ACTIVITY: In the data below, find the line containing "Gallery of ean" and the line containing "Ithomi – Sapientza Master bedroom", then reproduce them and every line between, exactly. Omit pictures.
:: TASK INPUT ::
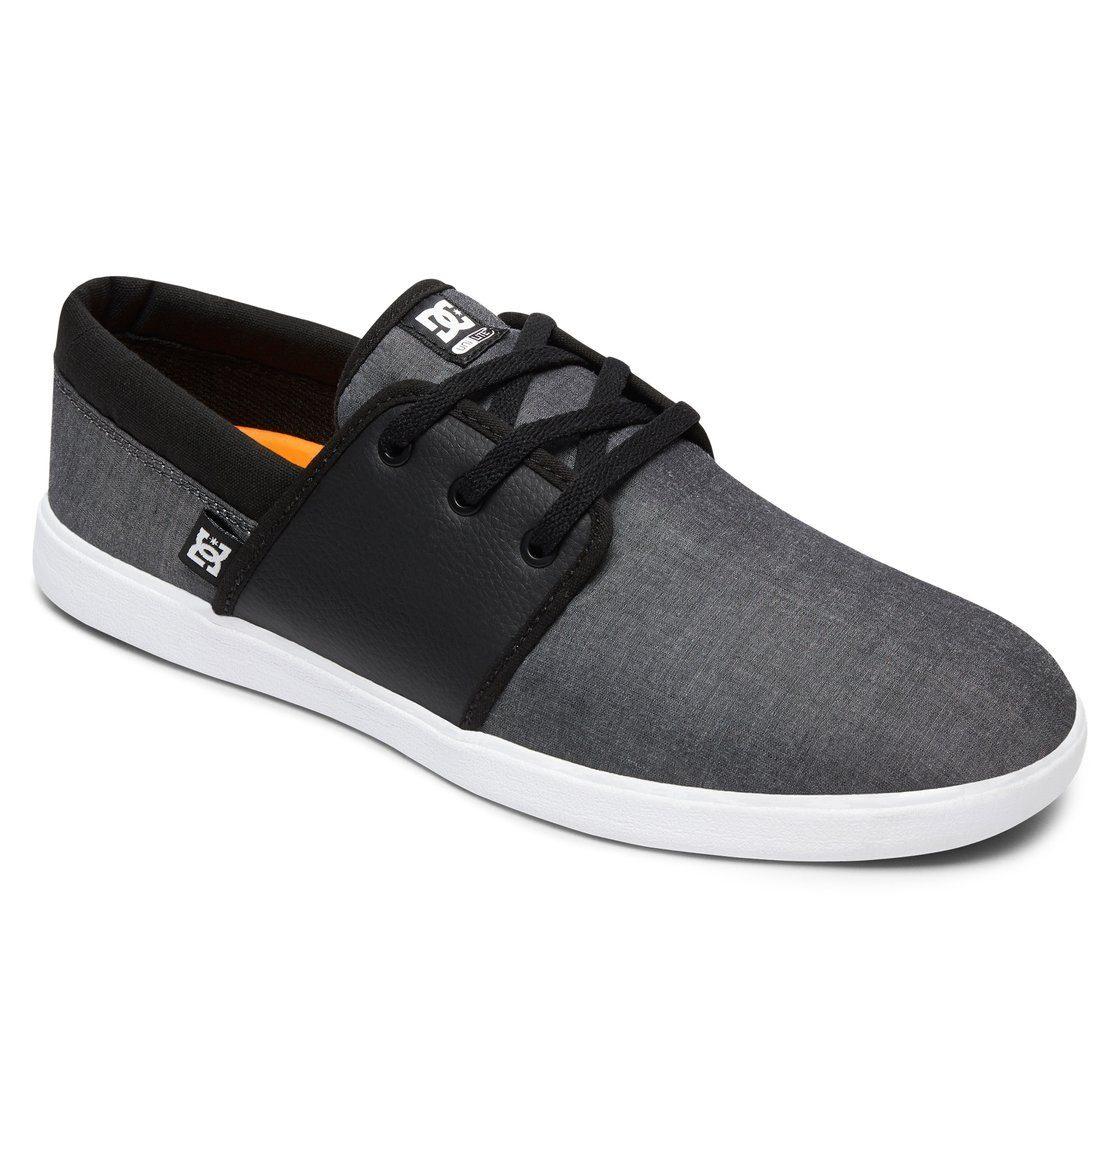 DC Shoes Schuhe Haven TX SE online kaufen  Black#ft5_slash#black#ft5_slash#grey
:::
:: TASK INPUT ::
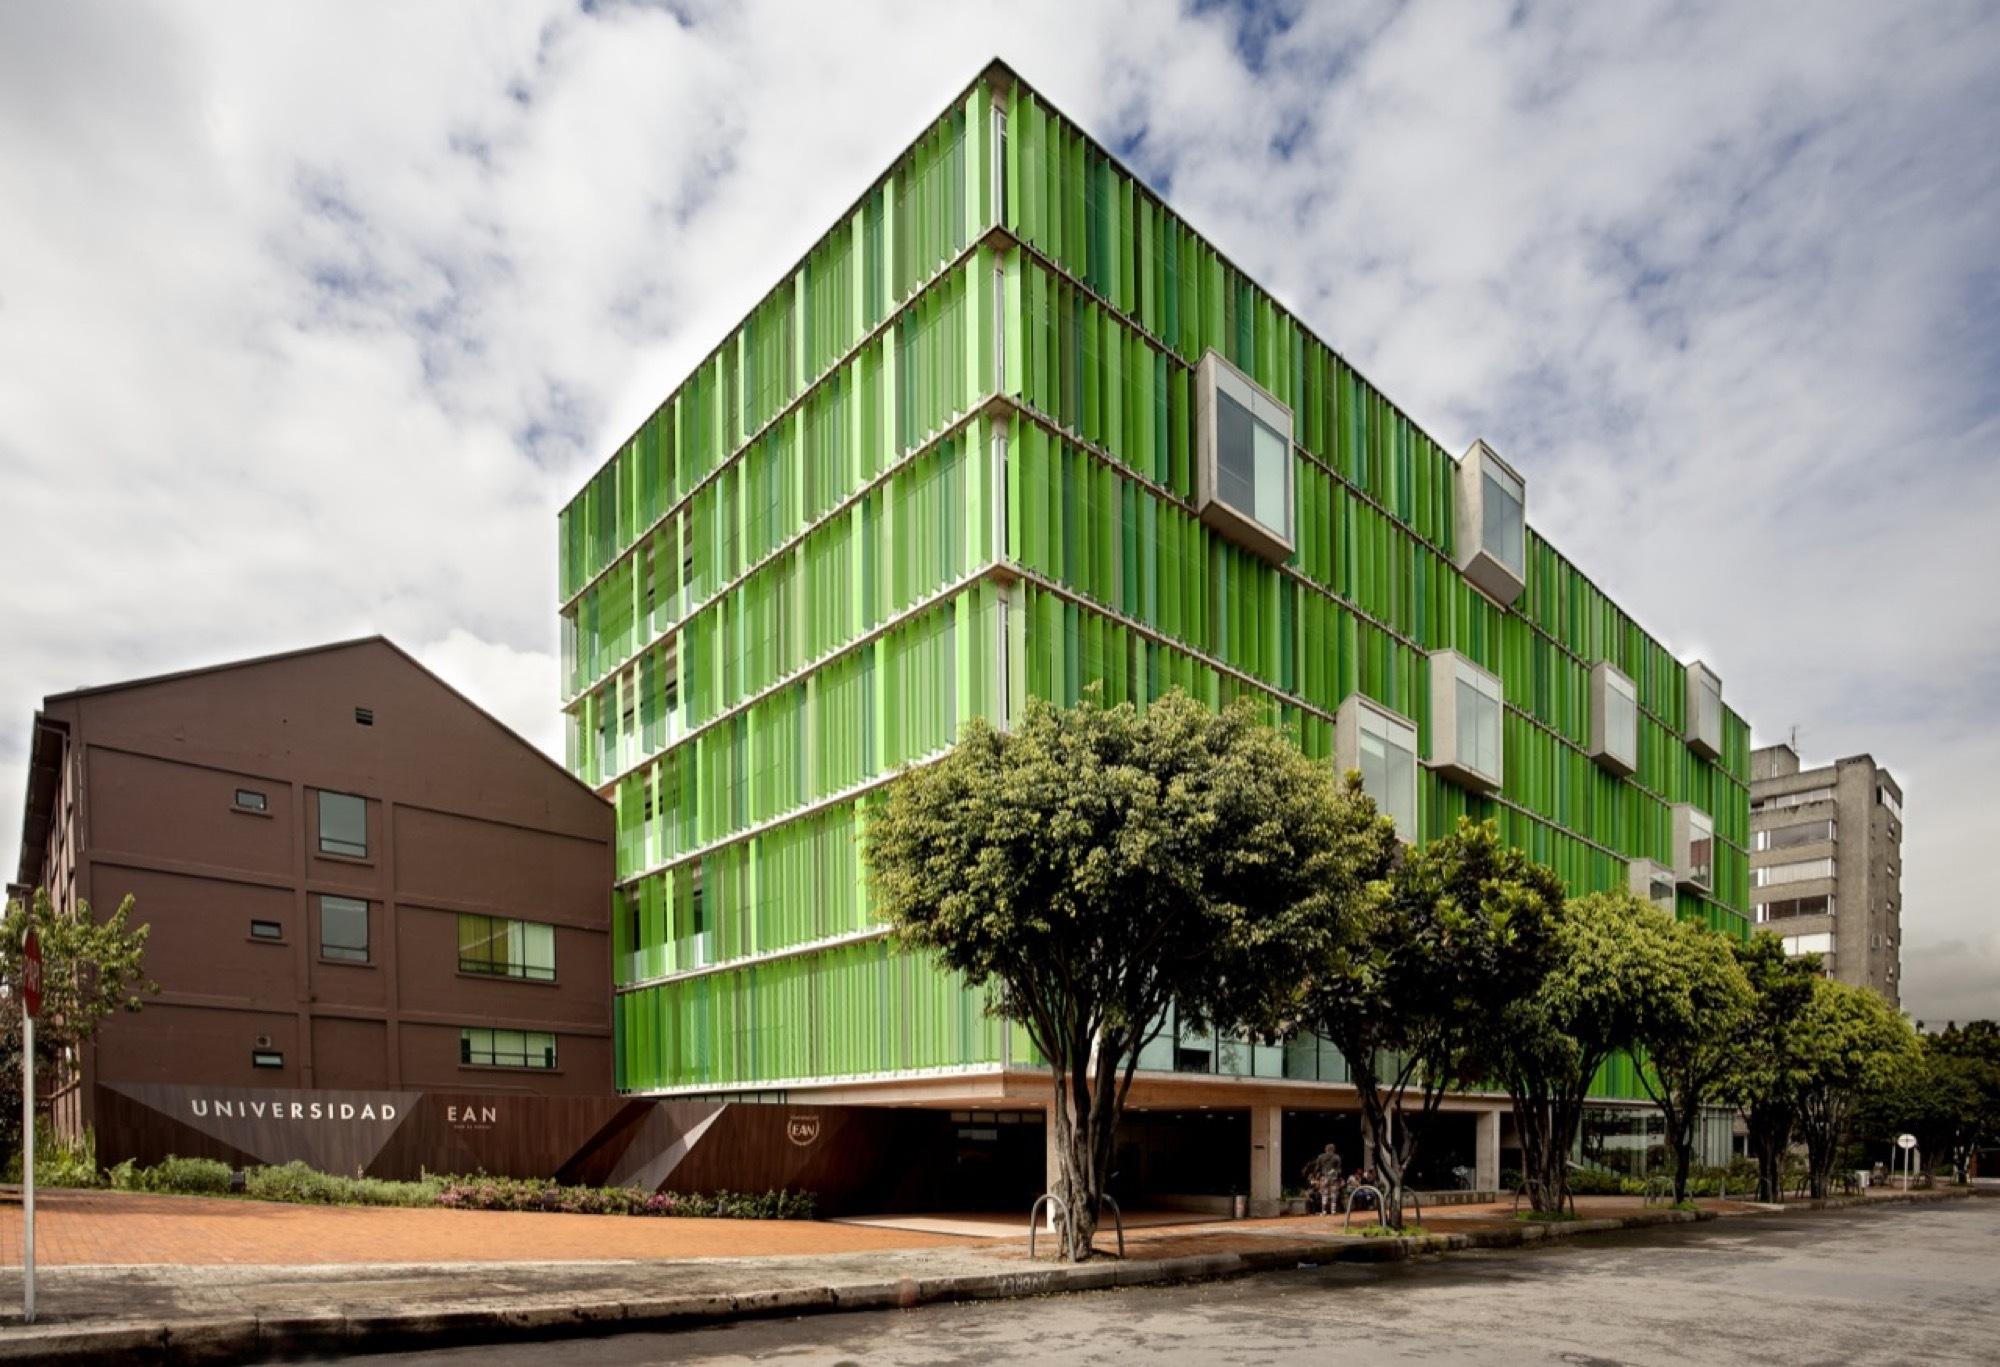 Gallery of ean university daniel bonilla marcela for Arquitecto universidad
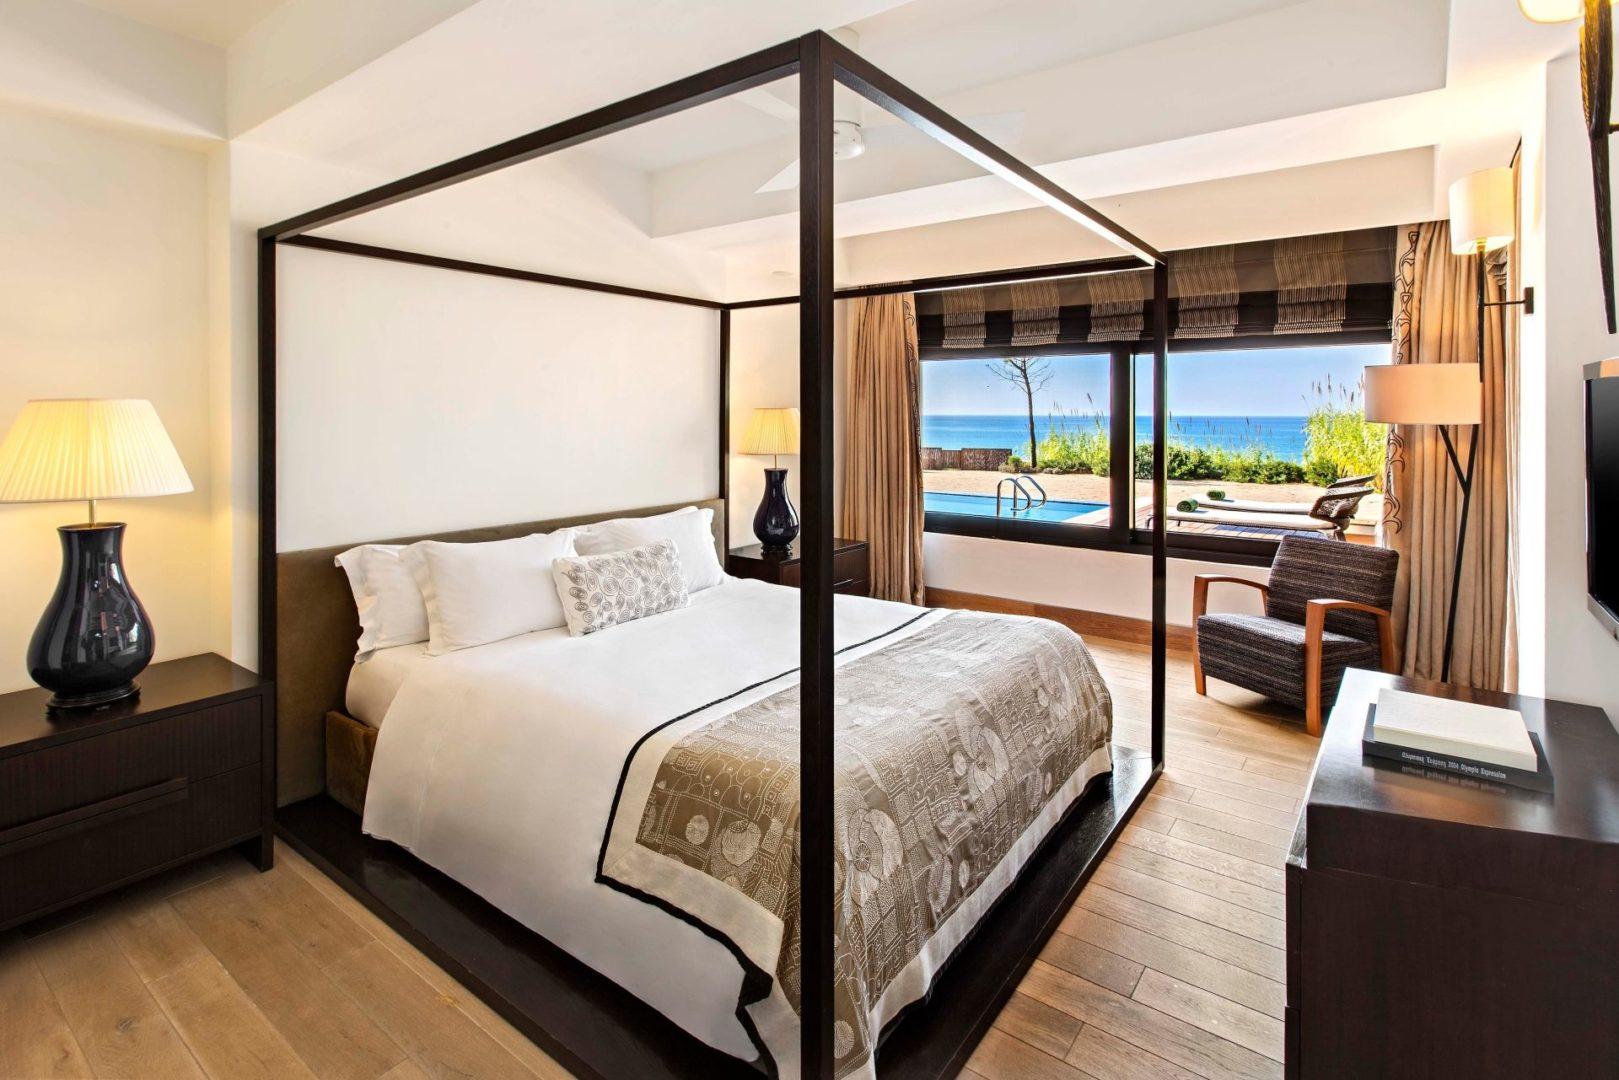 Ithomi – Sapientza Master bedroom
:::
ANSWER BELOW:
 Gallery of ean university daniel bonilla marcela for Arquitecto universidad
 Ithomi – Sapientza Master bedroom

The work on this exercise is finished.